Store and analyze petabyte-size files and trillions of objects
Data Lake was architected from the ground up for cloud scale and performance. With Azure Data Lake Store your organization can analyze all of its data in a single place with no artificial constraints. Your Data Lake Store can store trillions of files where a single file can be greater than a petabyte in size which is 200x larger than other cloud stores. This means that you don’t have to rewrite code as you increase or decrease the size of the data stored or the amount of compute being spun up. This lets you focus on your business logic only and not on how you process and store large datasets. Data Lake also takes away the complexities normally associated with big data in the cloud, ensuring that it can meet your current and future business needs.

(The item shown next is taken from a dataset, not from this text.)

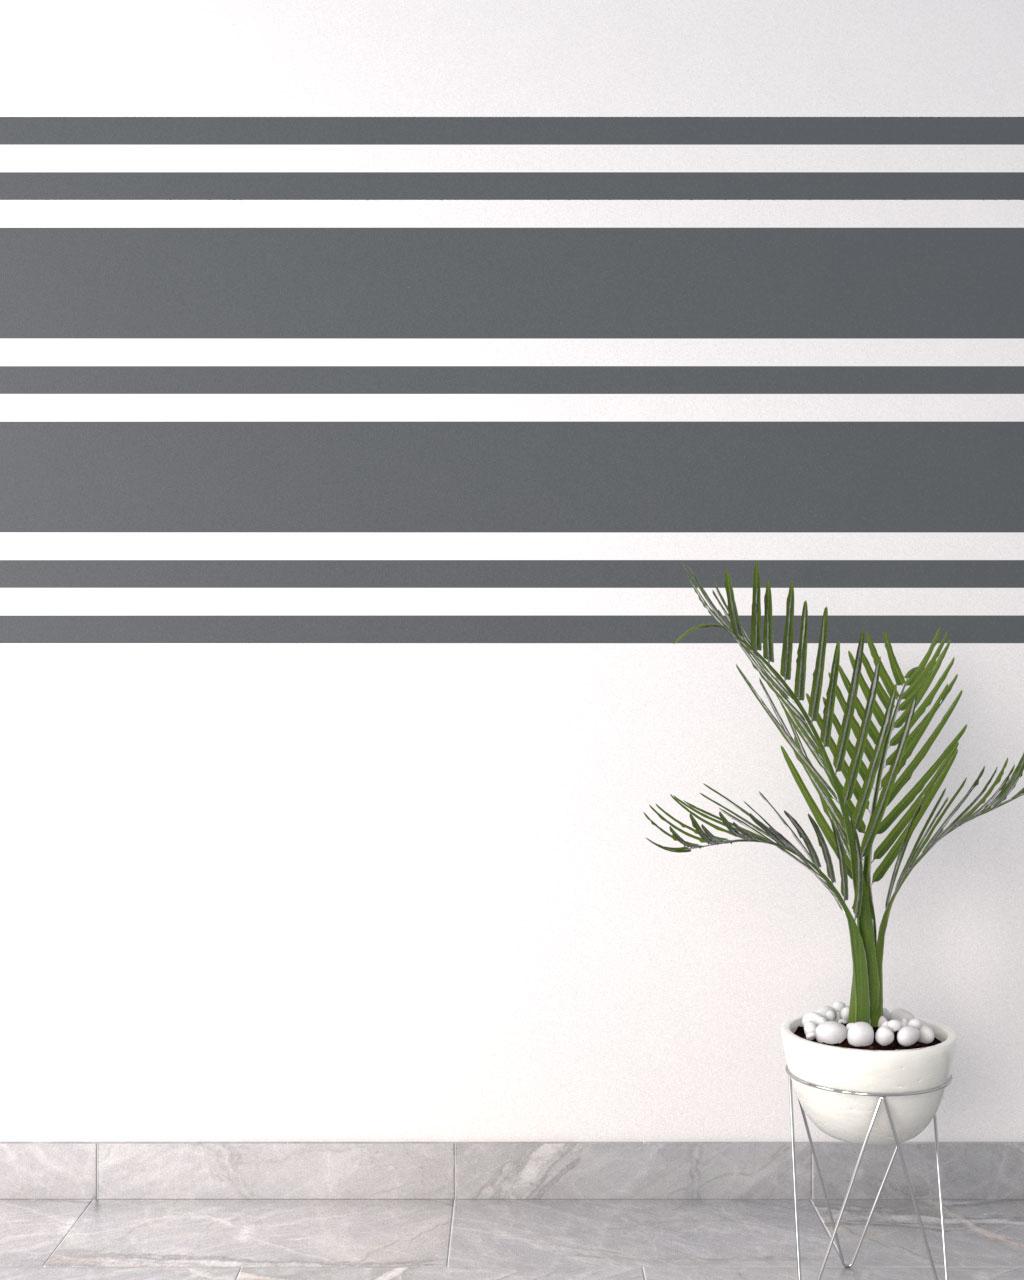 9 Best Horizontal Striped Wall Paint Ideas Roomdsign Com

Affordable and cost effective
Data Lake is a cost-effective solution to run big data workloads. You can choose between on-demand clusters or a pay-per-job model when data is processed. In both cases no hardware, licenses, or service specific support agreements are required. The system scales up or down with your business needs, meaning that you never pay for more than you need. It also lets you independently scale storage and compute, enabling more economic flexibility than traditional big data solutions. Finally, it minimizes the need to hire specialized operations teams typically associated with running a big data infrastructure. Data Lake minimizes your costs while maximizing the return on your data investment. A recent study showed HDInsight delivering 63% lower TCO than deploying Hadoop on premises over five years.
Enterprise grade security, auditing, and support
Data Lake is fully managed and supported by Microsoft, backed by an enterprise-grade SLA and support. With 24/7 customer support, you can contact us to address any challenges that you face with your entire big data solution. Our team monitors your deployment so that you don’t have to, guaranteeing that it will run continuously. Data Lake protects your data assets and extends your on-premises security and governance controls to the cloud easily. Data is always encrypted; in motion using SSL, and at rest using service or user-managed HSM-backed keys in Azure Key Vault. Capabilities such as single sign-on (SSO), multi-factor authentication, and seamless management of millions of identities is built-in through Azure Active Directory. You can authorize users and groups with fine-grained POSIX-based ACLs for all data in the Store enabling role-based access controls. Finally, you can meet security and regulatory compliance needs by auditing every access or configuration change to the system.